The importance of measurement, inductive biases, and dynamical relationships are essential components when considering how to develop models that simulate complex systems like those in biology. 

Simulating Biology

A grand ambition in biology is to be able to simulate it. This capability would replace a great deal of the time and effort that goes into the laborious effort of "discovery" and vastly accelerate the development of a whole host of new therapeutics and biologically driven products. Developments in deep learning over the last several years, and the successes that have been seen in domains like protein folding with AlphaFold and the host of other models that have been developed since have led to exciting possibilities of being able to simulate greater and greater portions of the biological world. 
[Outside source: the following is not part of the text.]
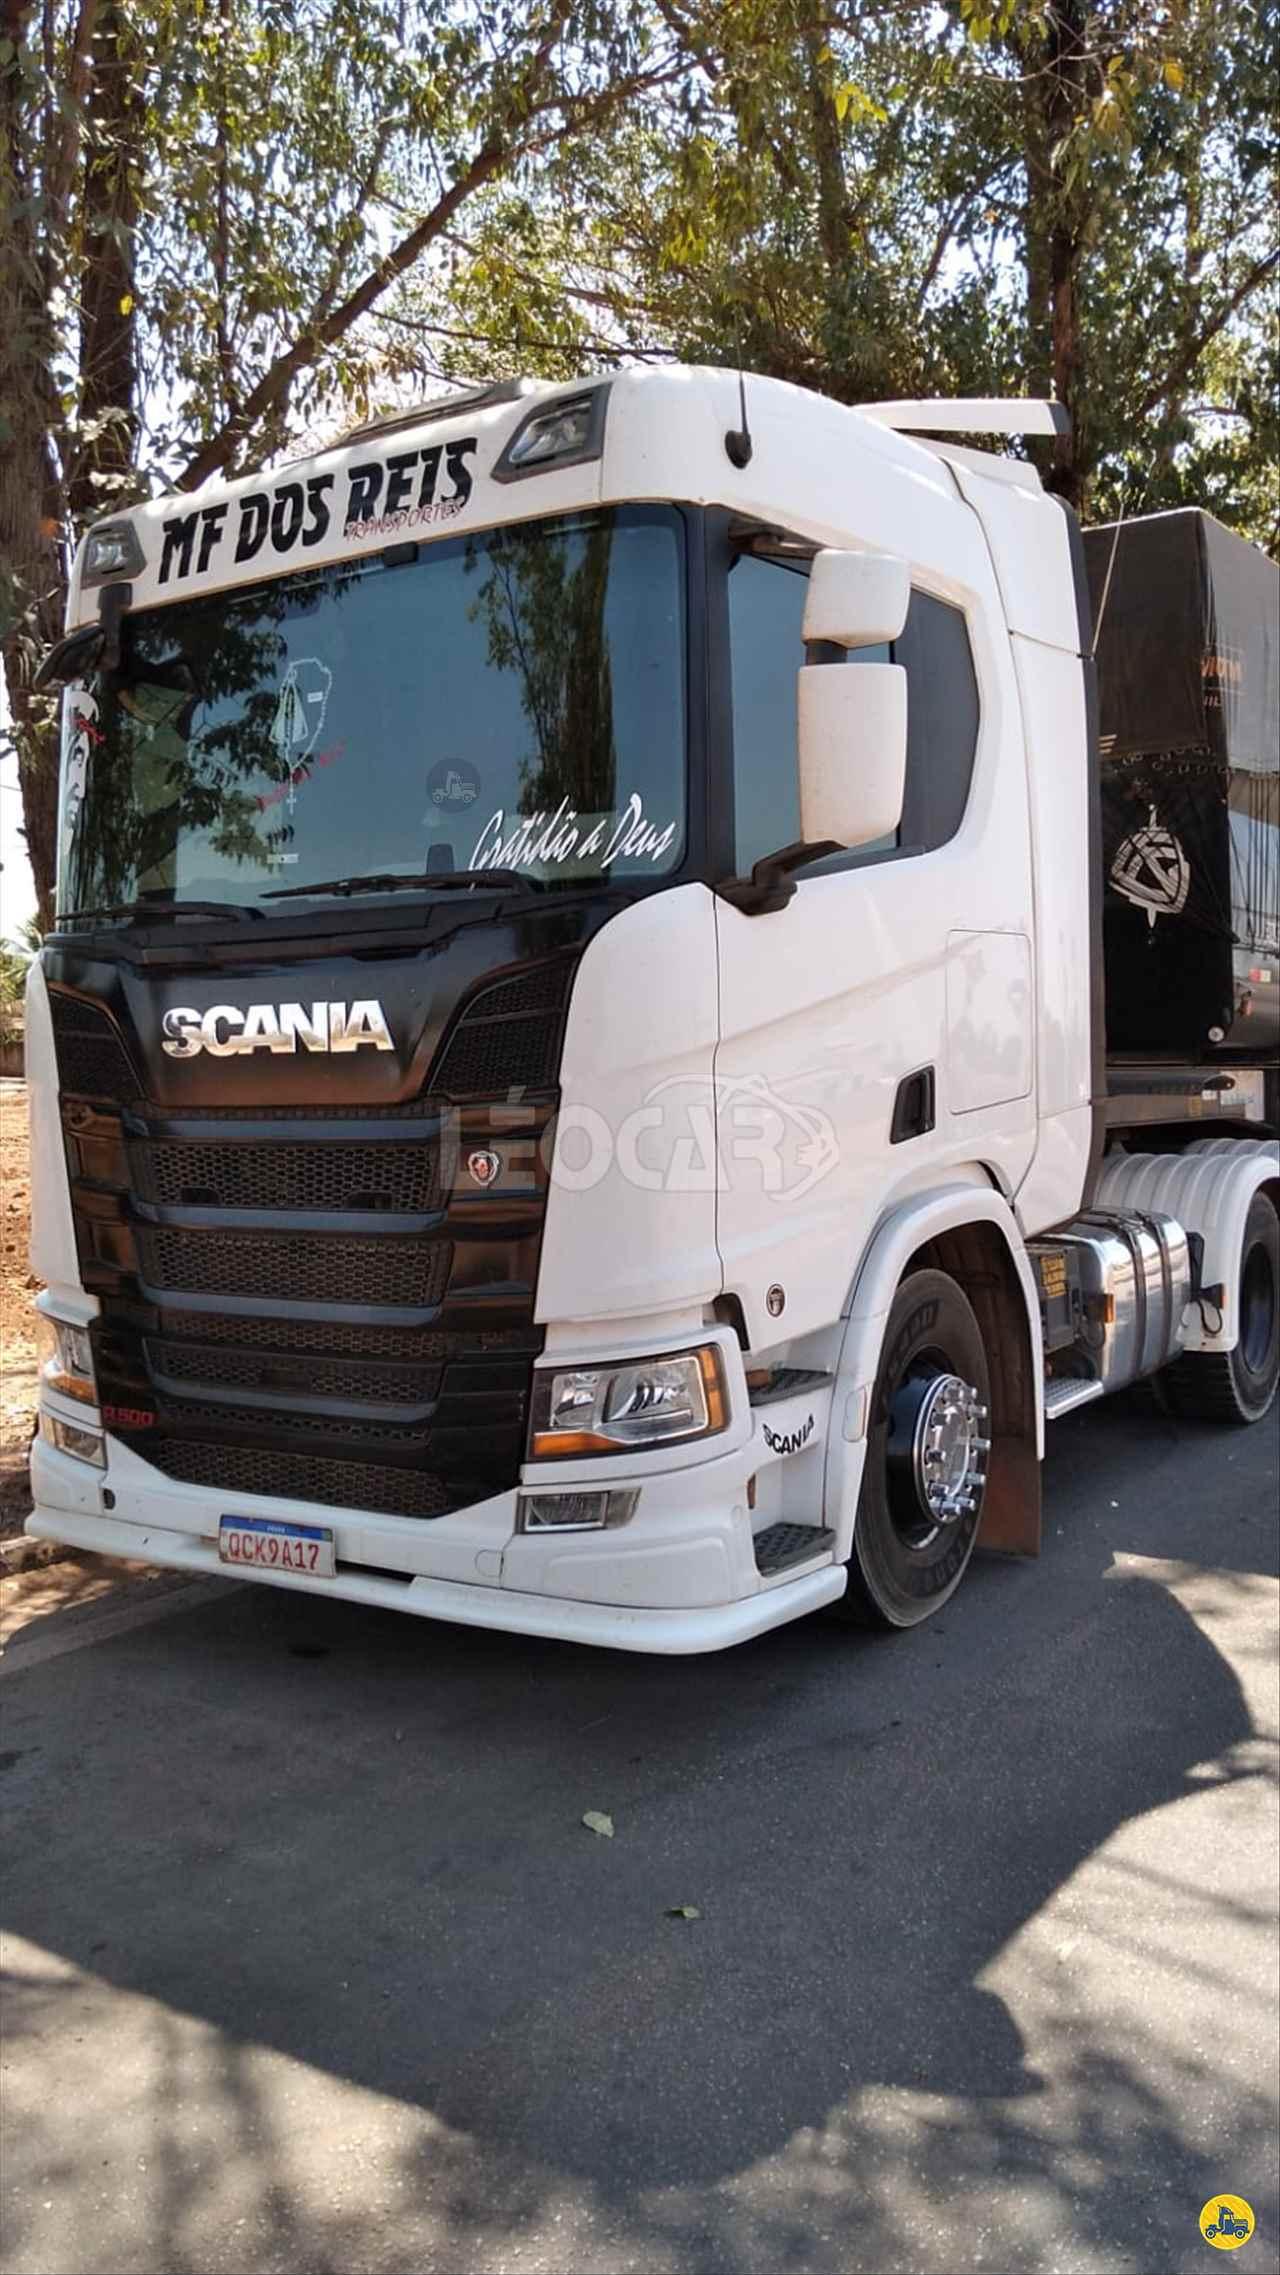 CAMINHAO SCANIA SCANIA 500 Cavalo Mecânico Traçado 6x4 Leocar Caminhões PRIMAVERA DO LESTE MATO GROSSO MT

This is not a new concept in computational biology -- the field of systems biology has been at this for decades, using symbolic differential equations and linear algebra to simulate metabolic pathways, genetic circuits, and more global phenomena like cell growth rates, bioproduction, etc. A distinctive feature of these models is that they have been limited in scope (e.g., simulating the expression of a small set of genes in a synthetic genetic circuit in a simple model organism under controlled conditions). This scale is similar in analogy to early NLP researchers who were developing models with rules-based systems or hidden Markov models.  

The impressive results in NLP of massively scaling deep neural network architectures and compute that have resulted in the current classes of LLMs have spawned a deep curiosity and excitement about similar capabilities jump in the biological world -- and more ambitiously, the ability to eventually create virtual cells and simulate their activity.  
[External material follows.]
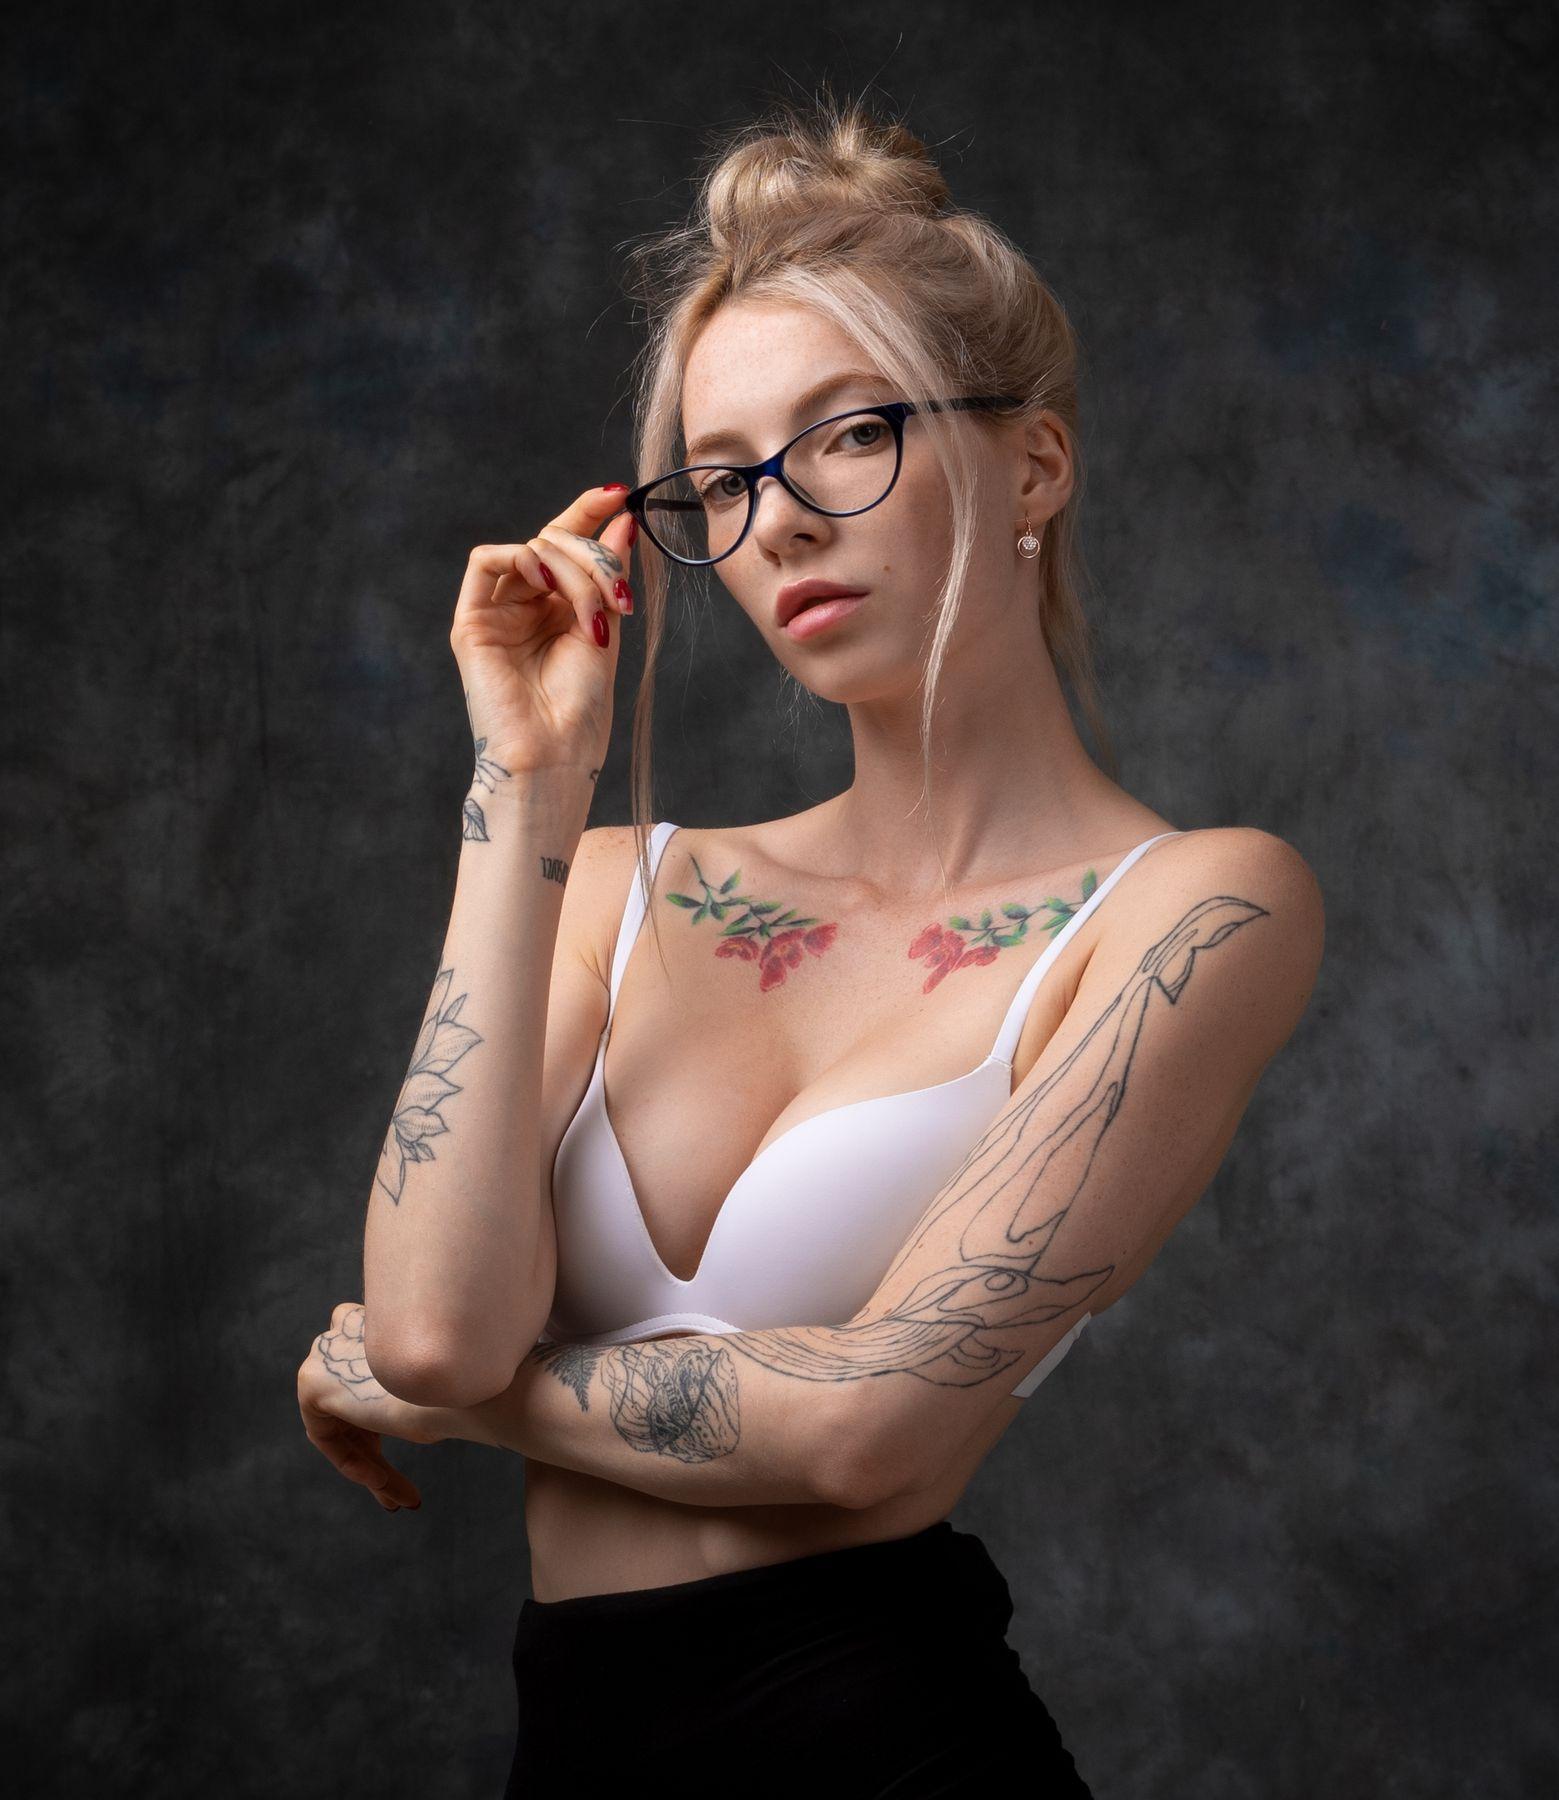 Александра Студийный портрет Арт красивая девушка женский фотосессия будуар

This is a tall order, but one that has a path, albeit one that is likely much longer than most would anticipate, particularly those accustomed to working in silicon.

A Multi-Scale Primer

To begin, let's start with some basic scale orientation -- this is important because when we talk about medicine, biology, or simulations, there are very different cause/effect mappings, and most practitioners are accustomed to operating at and around one slice of this hierarchy. Most of what we consider the science of Western medicine operates at the molecular and increasingly cellular level.  This is where most pharmaceutical interventions act. The cell is the fundamental unit of life, so it makes sense to focus on it as the irreducible entity.  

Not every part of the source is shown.